A South Sudanese journalist, Peter Julius Moi, was shot dead as he headed home from work, at the independent New Nation newspaper late on Wednesday in Juba, his colleagues at the paper said.
The person who fired the shot has not yet been identified, the colleagues added.
Moi’s body was found on Thursday, lying in the field where he was shot, a Reuters reporter stated.
This incident came just few days after President Salva Kiir issued a warning to journalists.
"The freedom of press does not mean that you work against your country. And if anybody among them does not know this country has killed people, we will demonstrate it one day on them," Kiir told a news conference on Sunday, without elaborating.
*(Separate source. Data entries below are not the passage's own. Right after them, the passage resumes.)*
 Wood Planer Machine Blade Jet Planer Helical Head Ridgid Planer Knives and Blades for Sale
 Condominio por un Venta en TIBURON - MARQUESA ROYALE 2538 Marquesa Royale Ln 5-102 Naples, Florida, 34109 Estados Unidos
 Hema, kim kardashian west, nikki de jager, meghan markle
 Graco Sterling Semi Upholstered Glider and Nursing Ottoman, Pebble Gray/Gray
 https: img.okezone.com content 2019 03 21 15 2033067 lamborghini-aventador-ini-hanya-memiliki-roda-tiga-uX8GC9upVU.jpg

Officials of the Police and government were not immediately available for any comments.
The president declined to sign a peace treaty proposed by mediators on Monday, in an attempt to end the country's 20-month conflict, stating that he had some reservations about the pact and requested for an extra two weeks extension.
Tom Rhodes, the East Africa representative for Press Freedom Group, Committee to Protect Journalists, told Reuters that the killing would make media's work much more difficult at a time when the public demands information to be released regarding the search for a peace settlement.
"A very foreboding sign, the journalist was killed just three days after President Salva Kiir threatened to target journalists before departing for peace talks in Addis Ababa," Rhodes said.
"It is still too early to tell whether there is a link but this tragedy will certainly cast a pall over independent reporting in the country as South Sudanese journalists are increasingly forced to self-censor as a means of survival," he added.
The newly established state of South Sudan has been plunged in a political turmoil since it gained independence from Sudan in 2011, which has killed over 10,000 people and displaced more than 2 million.
The country has descended into chaos in December 2013 when a political row between Kiir and his deputy Riek Machar spiralled into armed conflict that reopened ethnic fault lines.